Search code examples
mysqlutf-8iso-8859-1

Detailed instructions on converting a MYSQL DB and its data from latin to UTF-8. Too much diff info out there


Can you someone please provide the best way to convert not only a mysql database and all its tables from latin1_swedish_ci to UTF-8, with their contents? I have been researching all over Stackoverflow as well as elsewhere and the suggestions are always different.

  • Some people suggest just using these commands on the tables and databases:

    ALTER DATABASE databasename CHARACTER SET utf8 COLLATE utf8_unicode_ci;
    ALTER TABLE tablename CONVERT TO CHARACTER SET utf8 COLLATE utf8_unicode_ci;
    
  • Others say that this just changes the database and tables, but not the contents.

  • Some suggest dumping the db, create a new table with the right char set and collation, and importing the old db into that. Does this actually convert the data as well?

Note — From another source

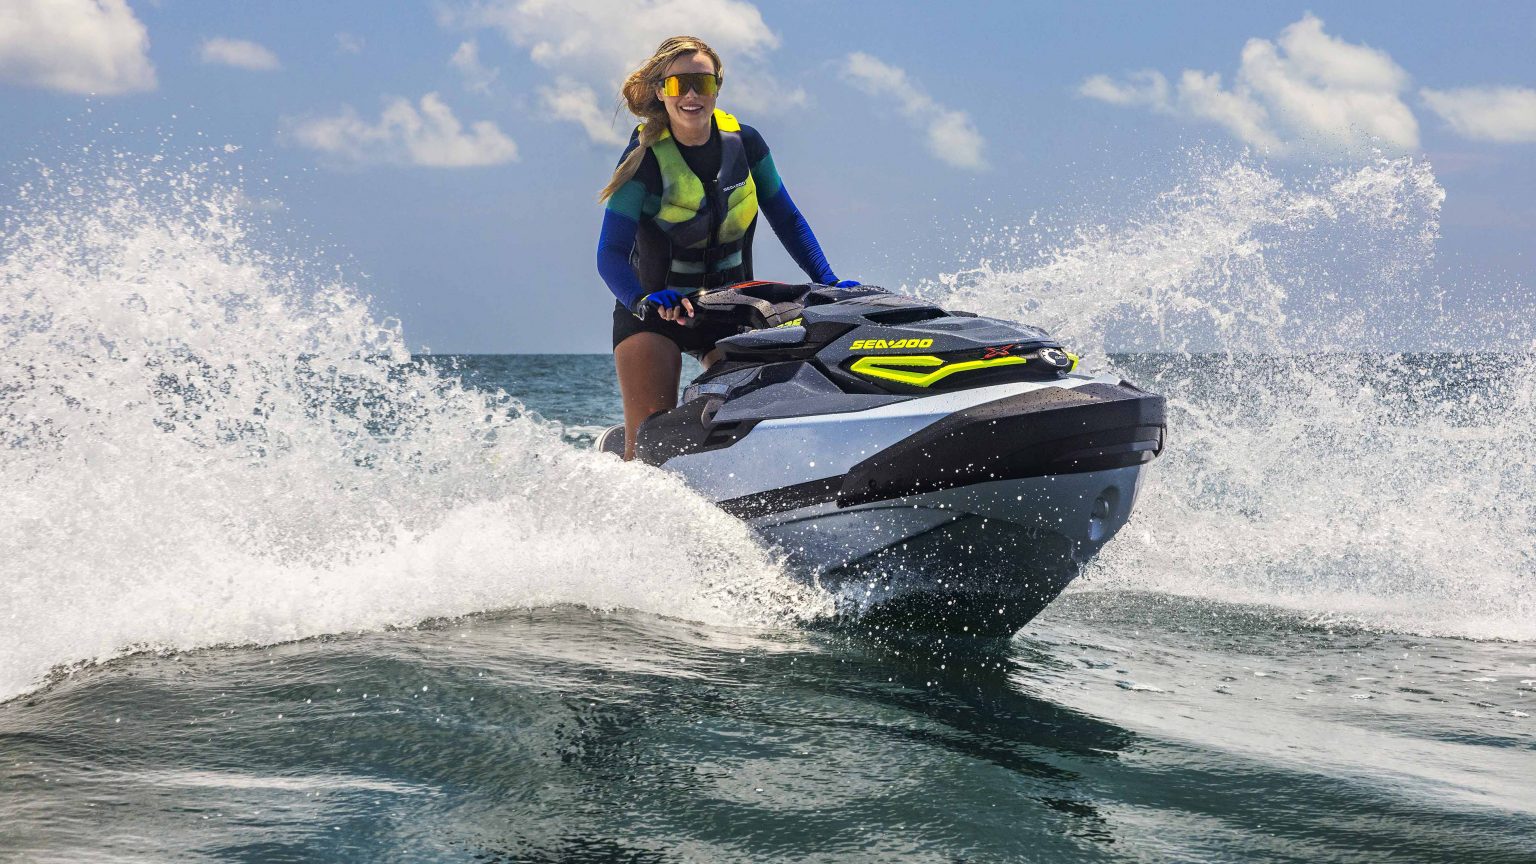 2024 seadoo prices and model changes Archives
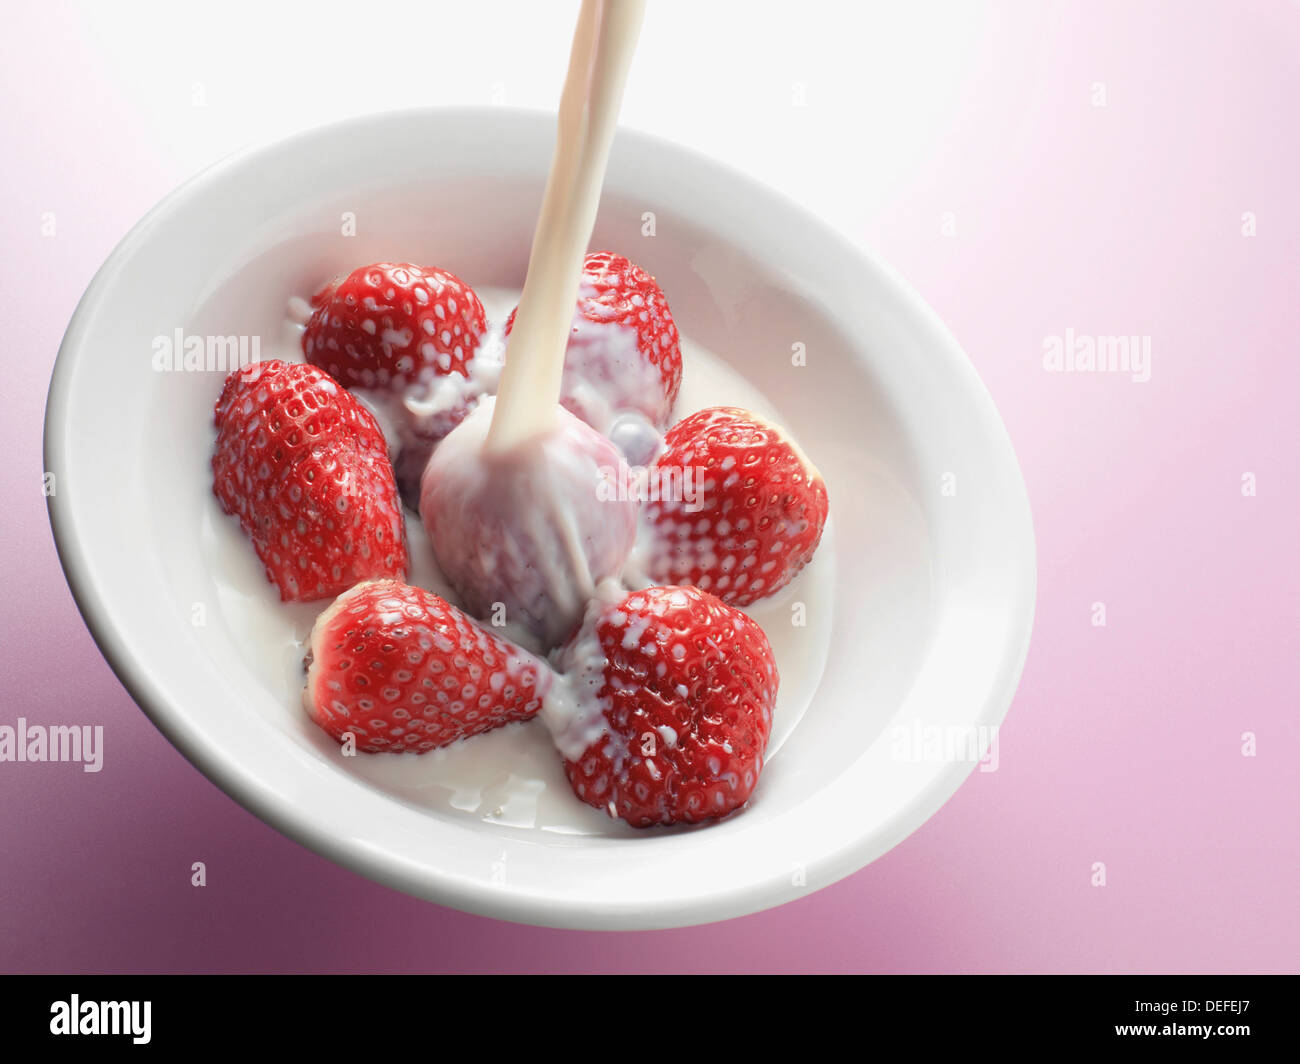 Fresh milk being poured onto a bowl of strawberries Stock Photo

    mysqldump --skip-opt --set-charset --skip-set-charset
    
  • Others suggest running iconv against the dumped DB before importing? Is this really needed or would the import into a UTF-8 db do the conversion?

Finally, other suggest altering the database, convert char/blog tables to binary, and the converting back.

There are so many different methods that it has become very confusing.

Can someone please provide a concise step-by-step instruction, or point me to one, on how I can go about convert my latin DBs and their content to UTF-8? Even better if there is a script that automates this process against a database.

Thanks in advance.


Solution

  • The are two different problems which are often conflated:

    1. change the specification of a table or column on how it should store data internally
    2. convert garbled mojibake data to its intended characters

    Each text column in MySQL has an associated charset attribute, which specifies what encoding text stored in this column should be stored as internally. This only really influences what characters can be stored in this column and how efficient the data storage is. For example, if you're storing a ton of Japanese text, sjis as an encoding may be a lot more efficient than utf8 and save you a bit of disk space.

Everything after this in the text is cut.